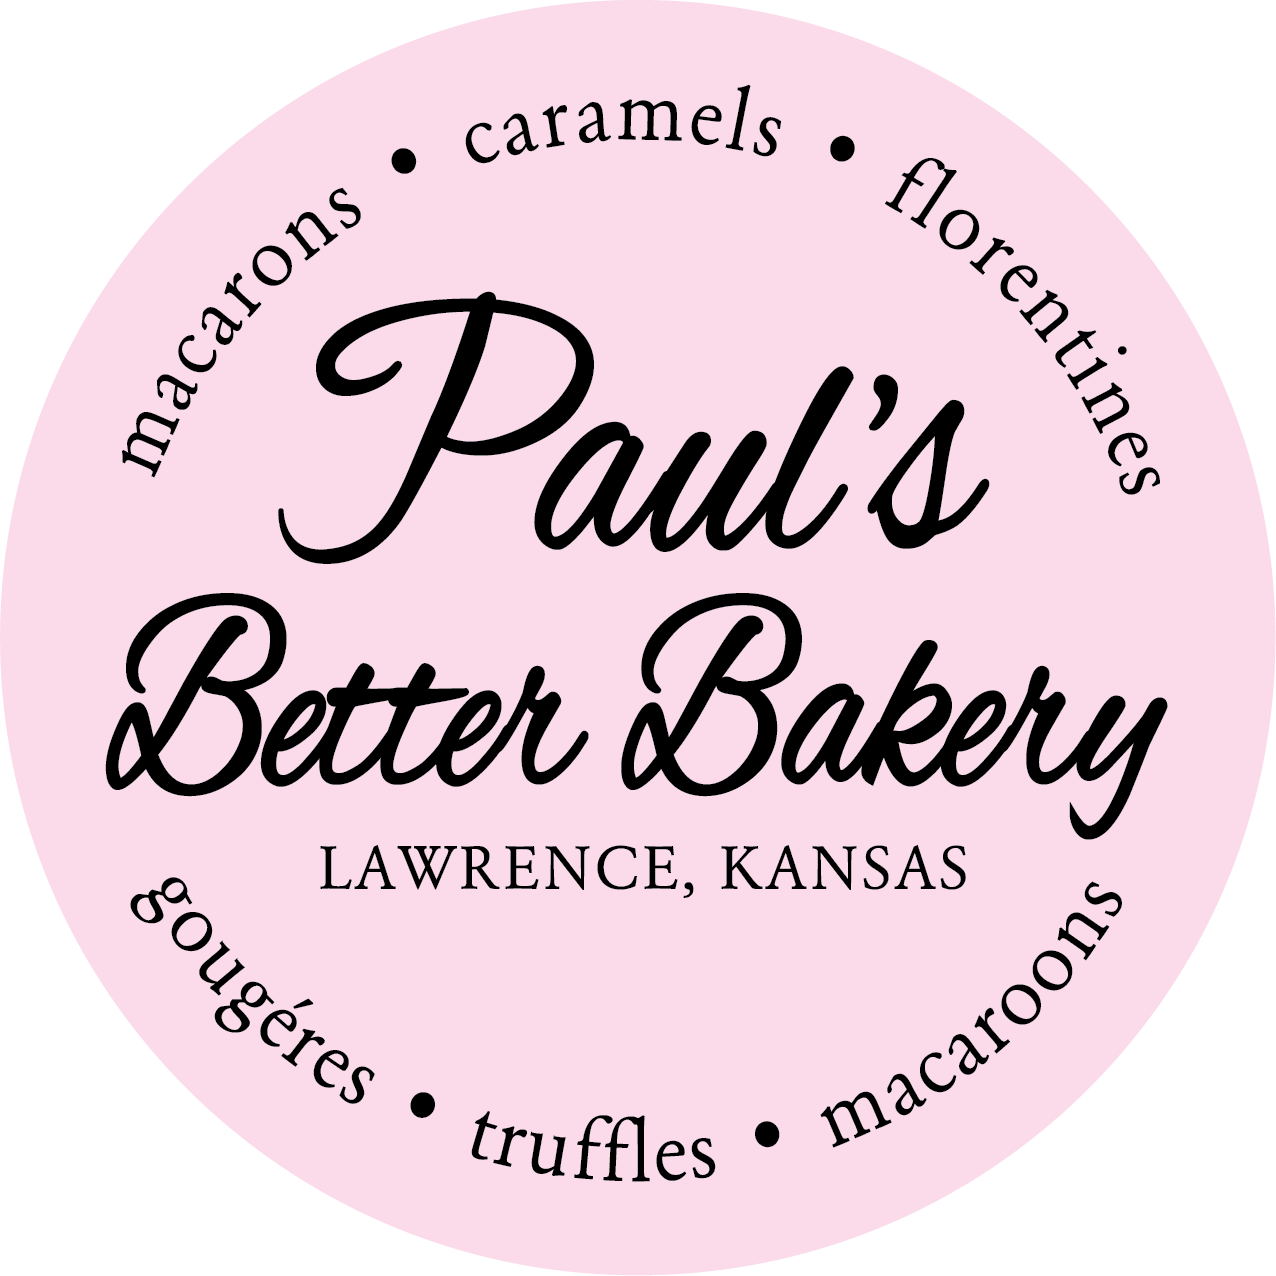 Paul's Better Bakery
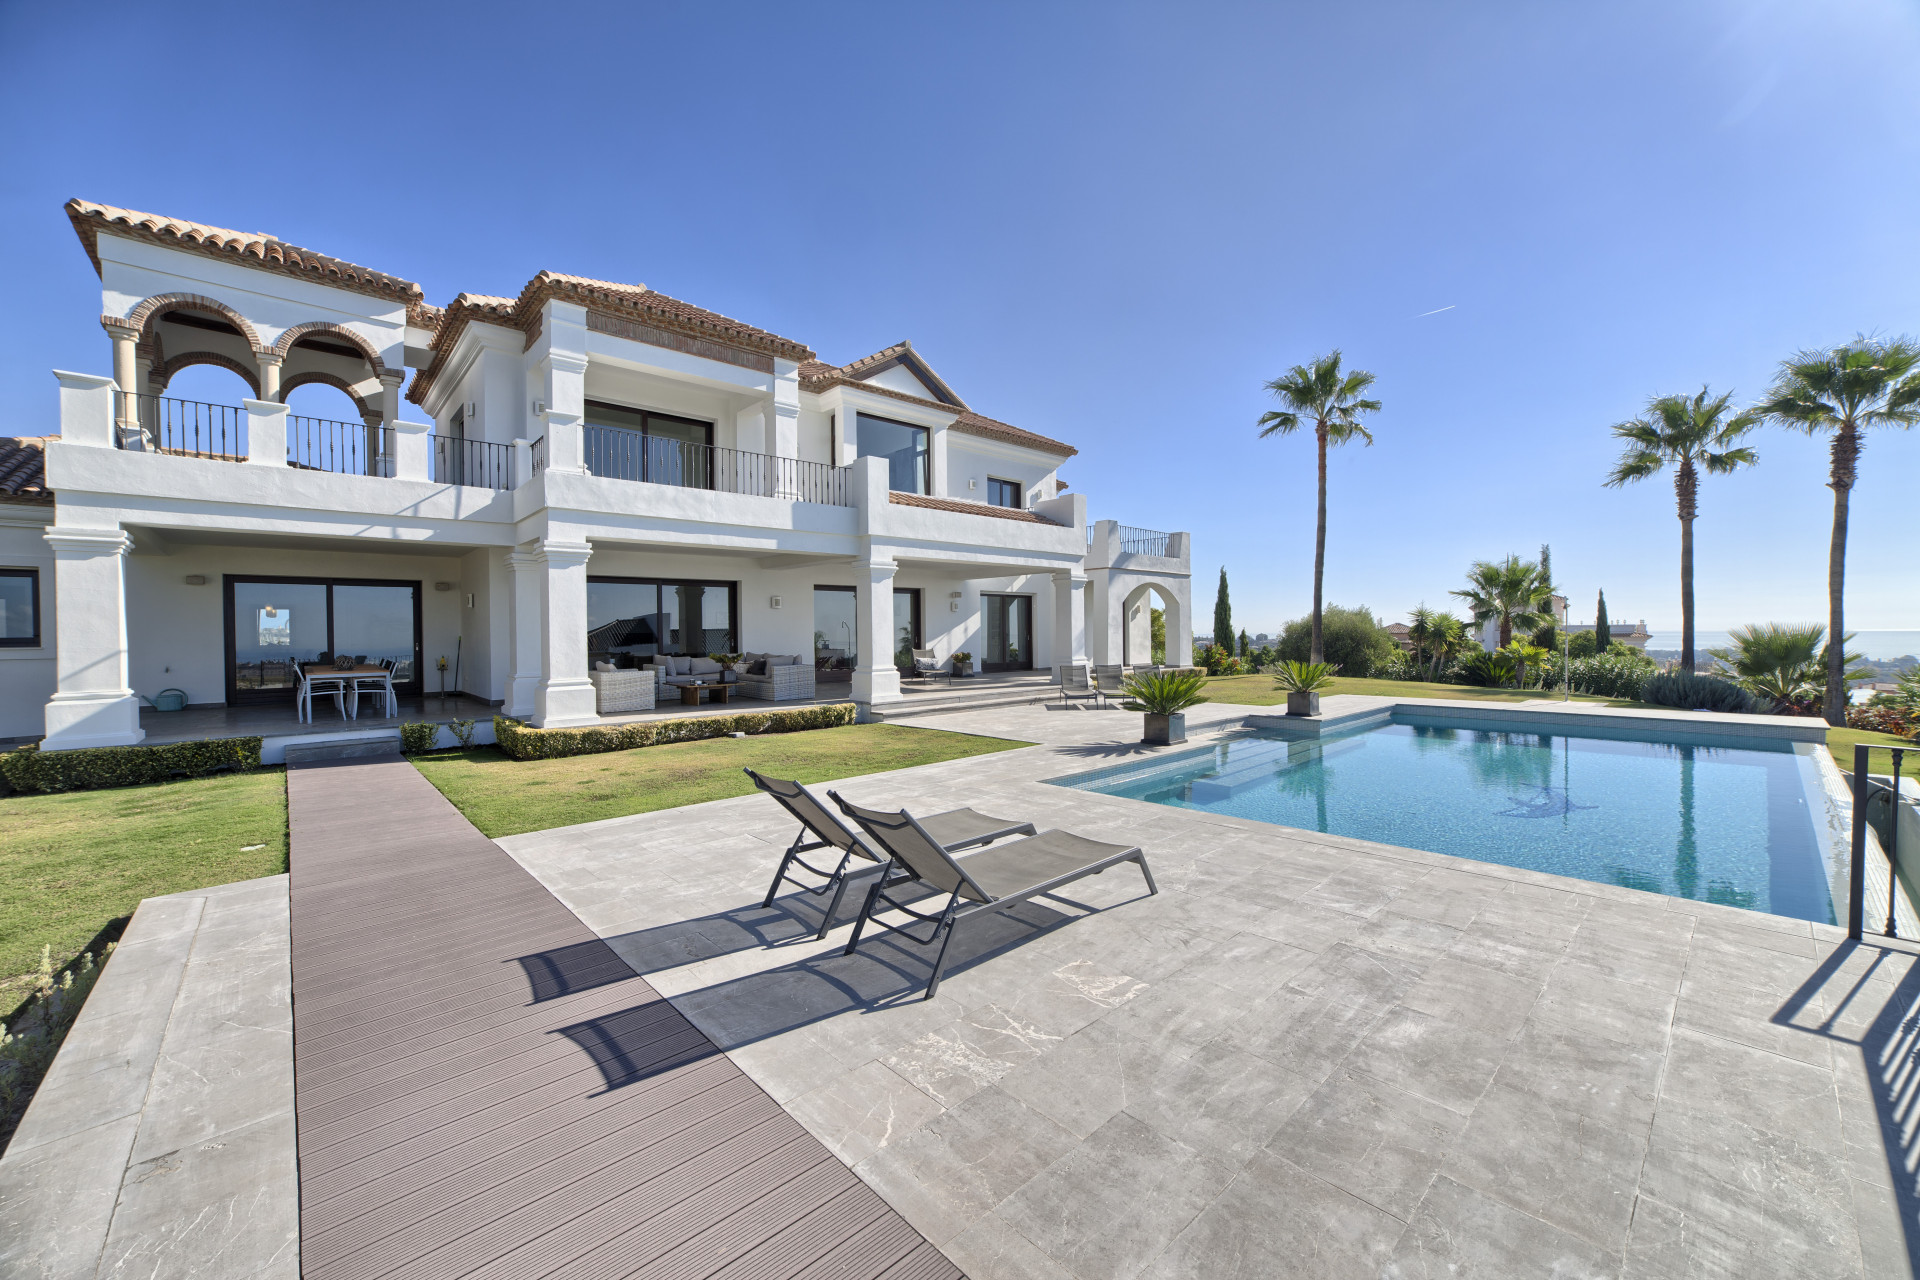 Villa de alta calidad construida con los más altos estándares situada en Los Flamingos Golf Resort, Benahavís.
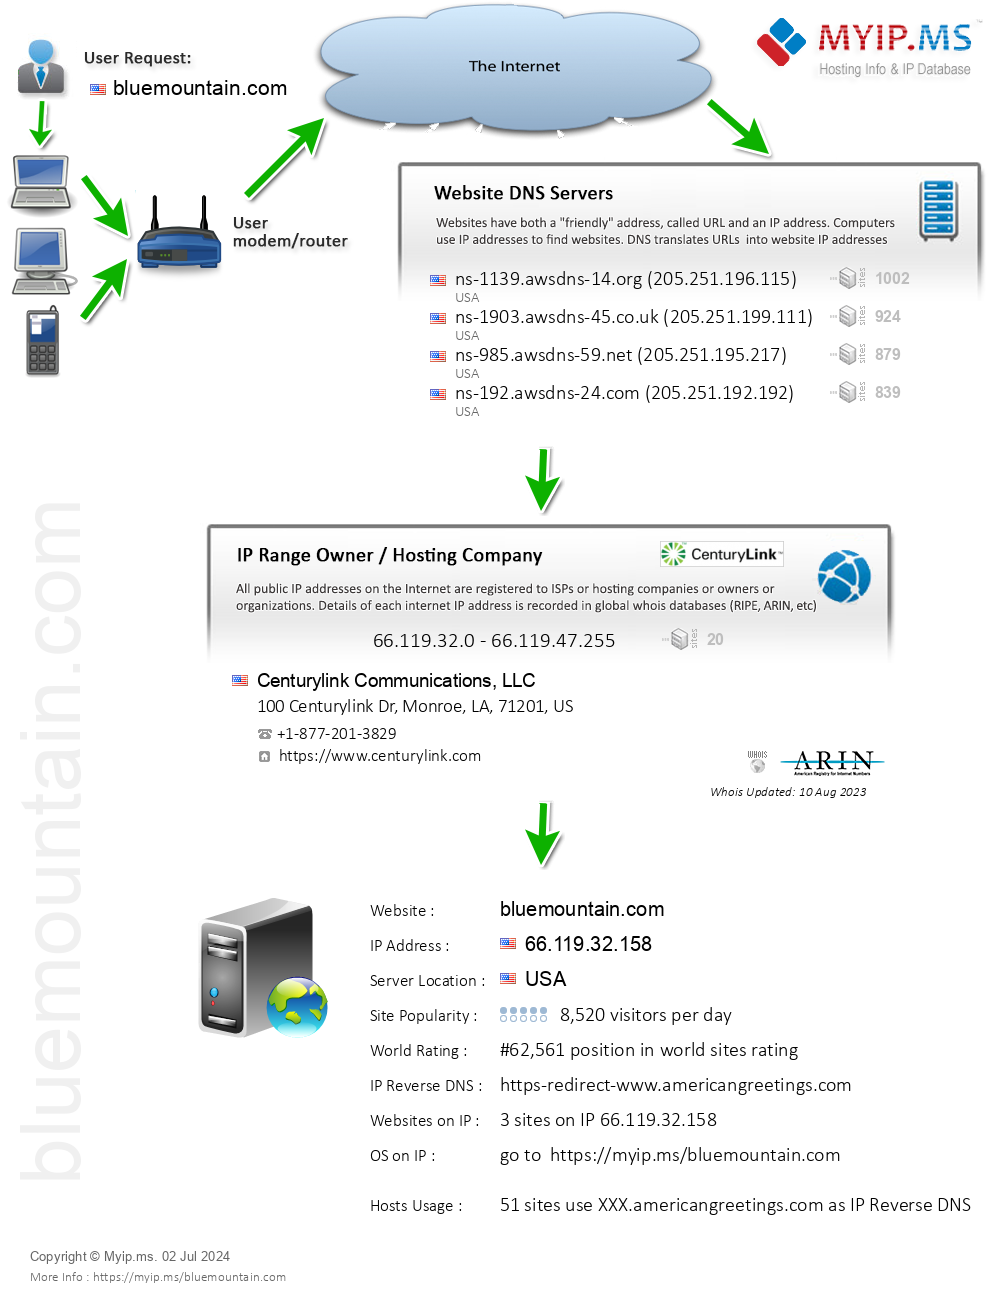 Bluemountain.com - Website Hosting Visual IP Diagram
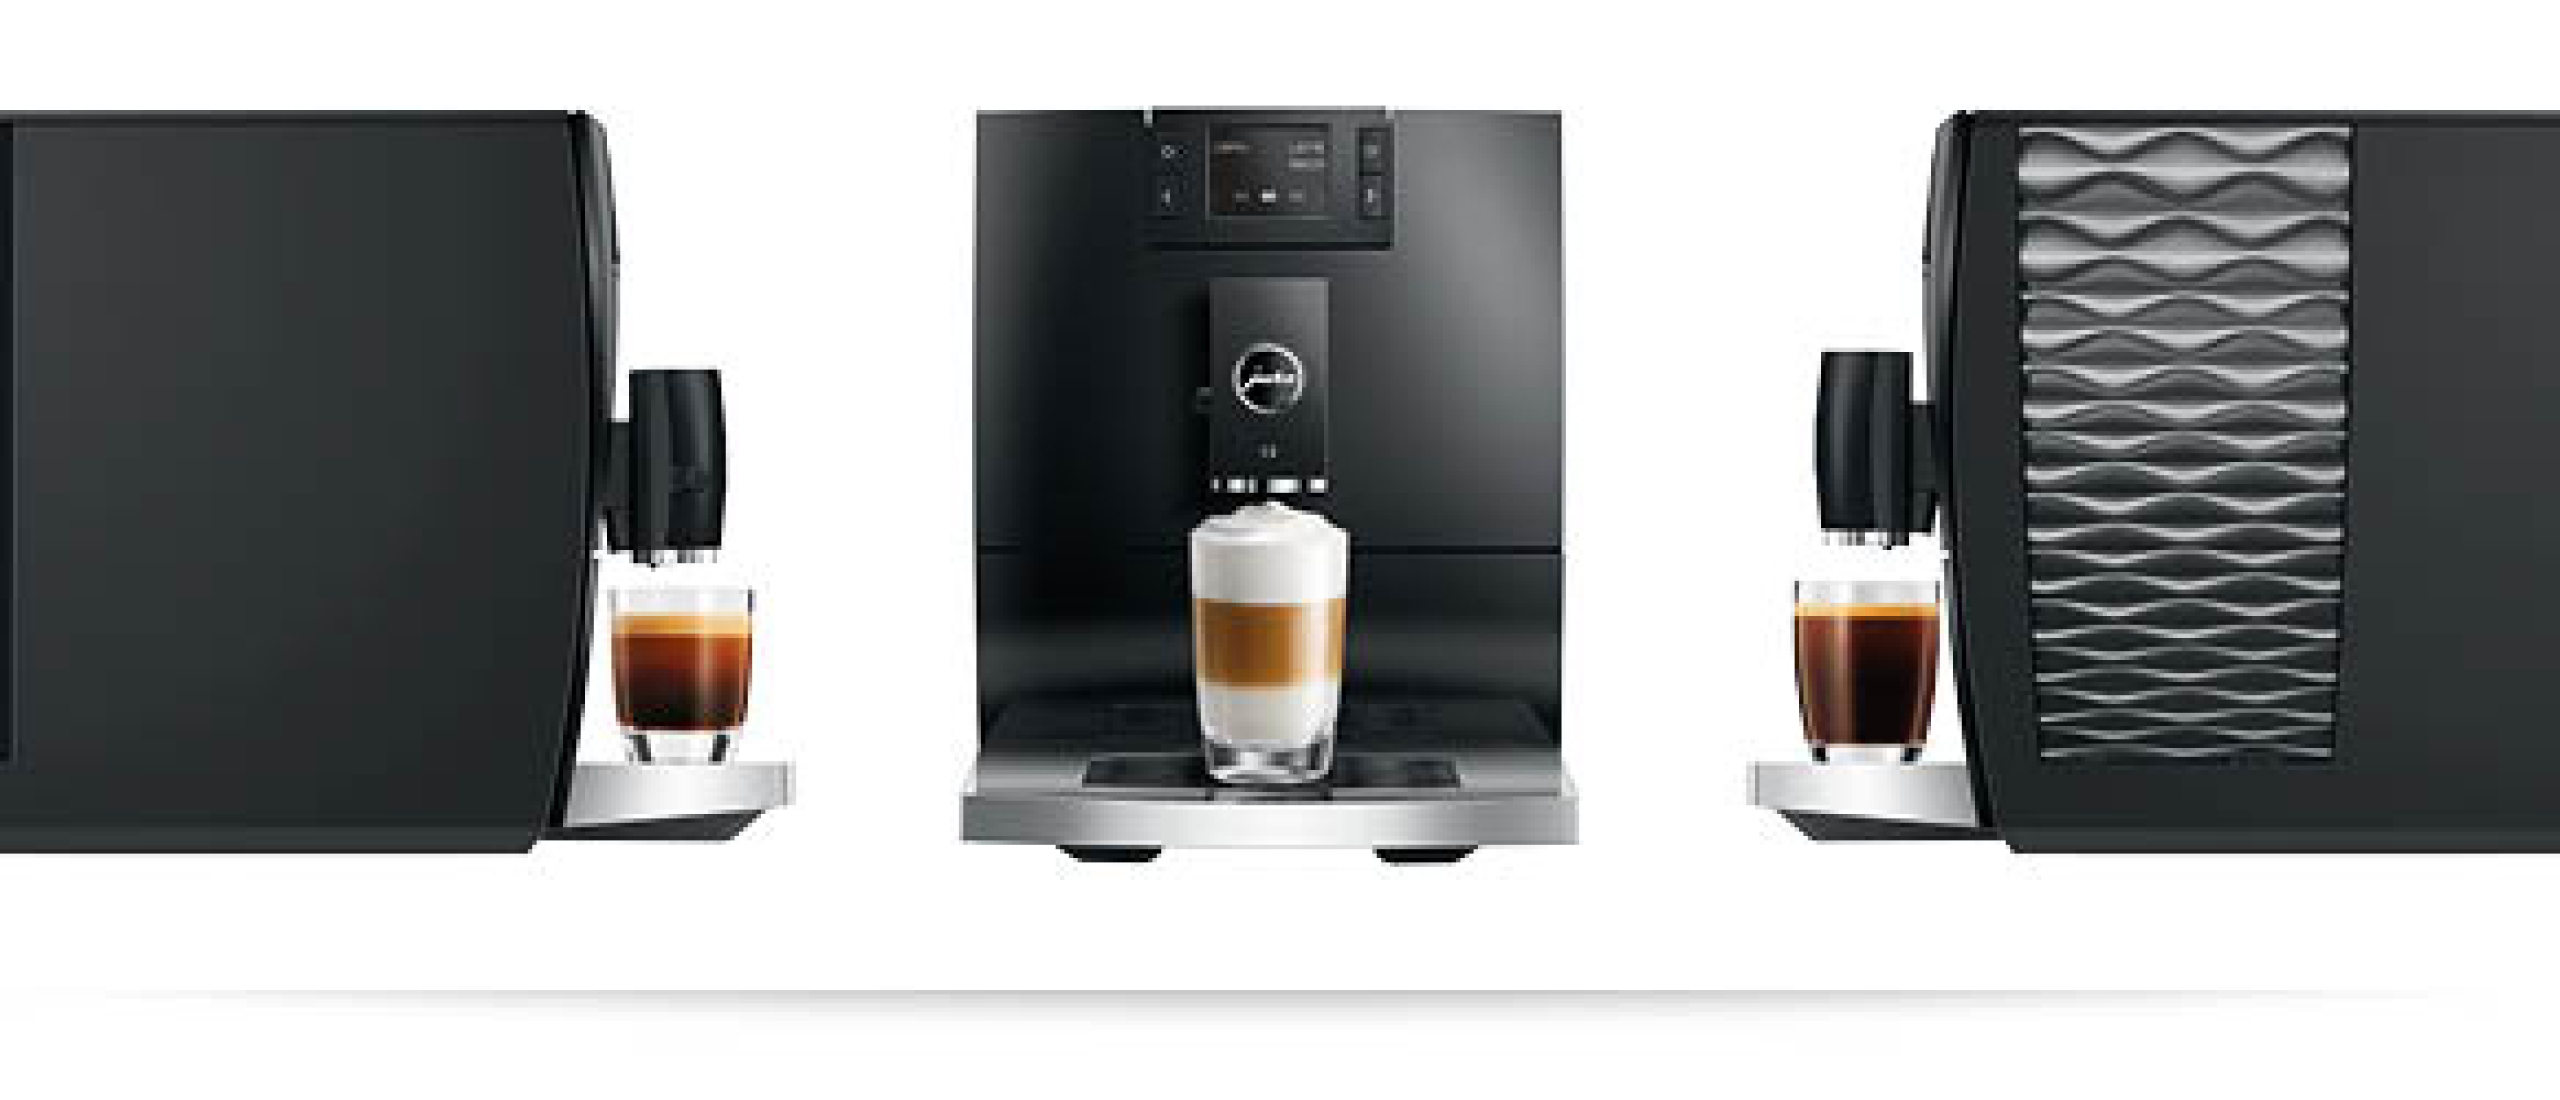 Ontdek de ultieme koffie-ervaring met de JURA C8: een complete review!

EXERCISE DIRECTIONS: Pictures are to be excluded; all other material must be transcribed exactly.

WRITTEN ANSWER:
 Paul's Better Bakery
 Villa de alta calidad construida con los más altos estándares situada en Los Flamingos Golf Resort, Benahavís.
 Bluemountain.com - Website Hosting Visual IP Diagram
 Ontdek de ultieme koffie-ervaring met de JURA C8: een complete review!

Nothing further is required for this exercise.